GEORGIA KYRIAKAKIS

“The Gaza Strip” 2014

Stones and red thread
Approx. 30 x 30 x 800cm

Gaza Strip is a simple work. A set of rounded and lined stones on which a red line is drawn. One could say that the Gaza Strip is a drawing on stone. But the title, the (military?) arrangement of the stones, the circular shape of the drawing, and the very height at which it is done on the stones, suggests an arrangement. It simulates the mark left by a red liquid (blood?) on the surface of the stone. As the title indicates, the work refers to the violence and the historical war between Palestinians and Israelis in this small region of the Middle East. Like the memory of historical facts and the conflict itself, the red line drawn in the stone, exposed to the weather and the passage of time, gradually fades, becomes almost imperceptible, but never completely disappears. It periodically resurfaces, just like the conflict that never seems to end... It reappears strong and forceful to remind us above all that the marks of violence are always indelible.


Geórgia Kyriakakis
Ilheús, Bahia, 1961
She currently lives and works in São Paulo
www.georgiakyriakakis.com.br Georgia Kyriakakis is a teacher and artist, with a bachelor’s degree in fine arts from FAAP, master’s and Doctorate in Visual Poetics from the School of Communications and Arts of the University of São Paulo. She has taught at Unicamp, Centro Universitário Belas Artes, and, since 1997, at the undergraduate and graduate levels of Centro Universitário FAAP.

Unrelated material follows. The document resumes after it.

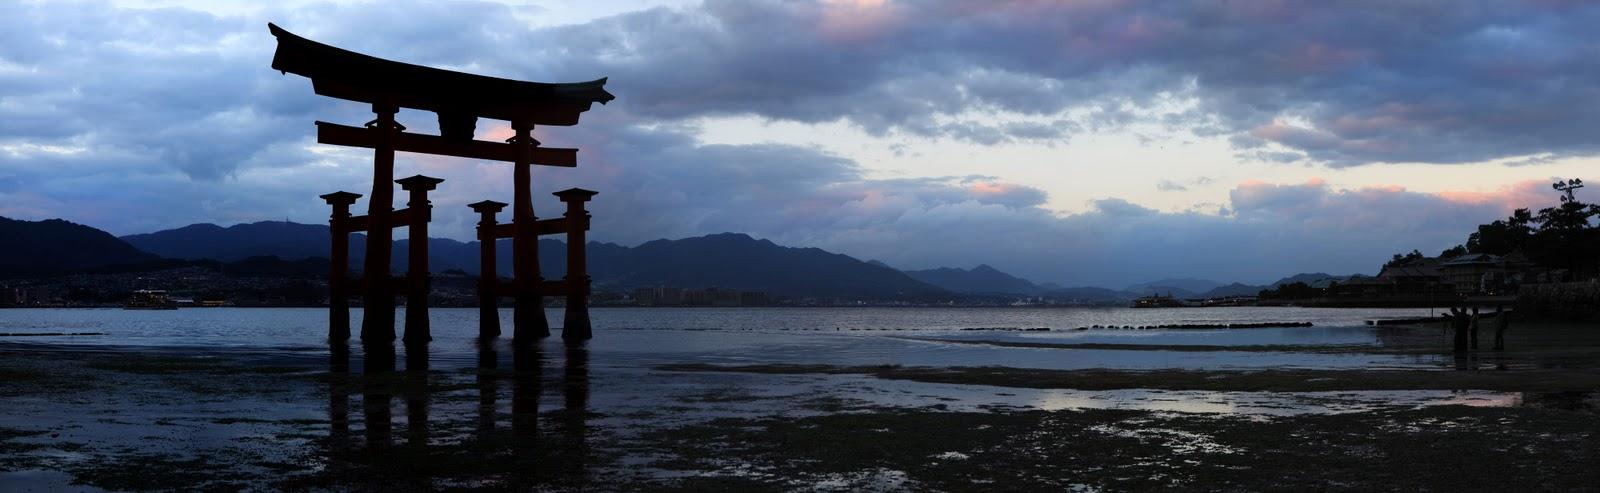 Japanese Wallpapers Itsukushima Torii Gate Special Domo Kun

Since the 1990s, she has exhibited her work in collective and individual exhibitions, in Brazil and abroad, and has received important awards since then. She has works in important private collections and public collections and has published two books about her work: Georgia Kyriakakis, by the Spanish publishing house Dardo-DS and Empena o Amparo, by Martins Fontes Editora.

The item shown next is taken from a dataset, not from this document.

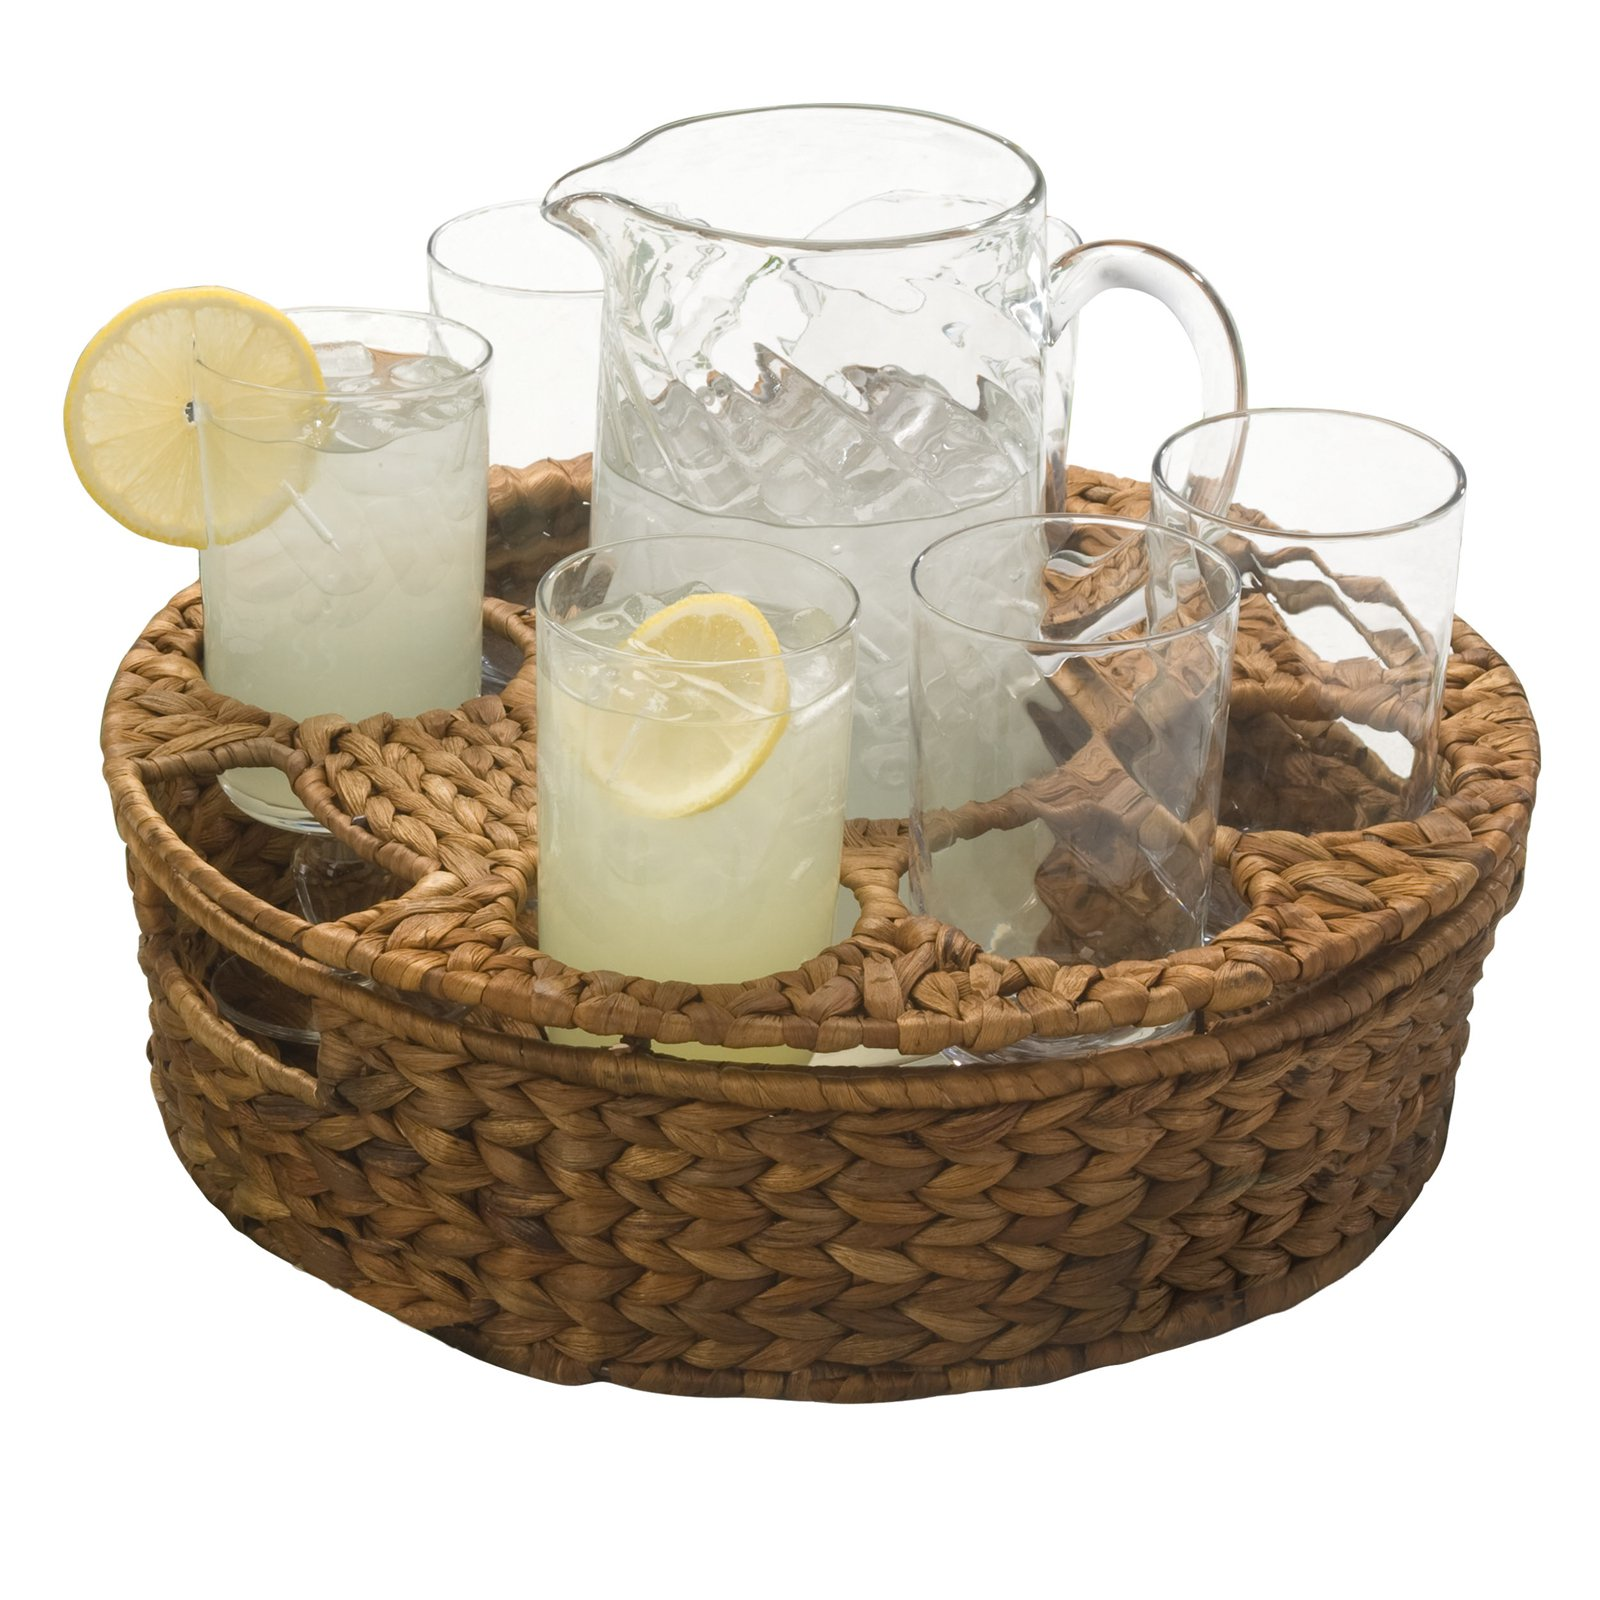 Artland Inc Garden Terrace Beverage Set with Pitcher

In her work, Georgia seeks to explore situations of strength and fragility, balance, and instability, which are present in nature, politics, social relations, and in the world in general. Such relationships arise from poetic-visual approximations with Geography - an area of broad and comprehensive knowledge that drives the artist’s creative impulse and determines the choice and variety of media and materials used in her works. Objects, materials, words, spaces, and the meticulous articulation between the elements of the work are ways to highlight the relationships between the virtuality of the image and the concreteness of the world.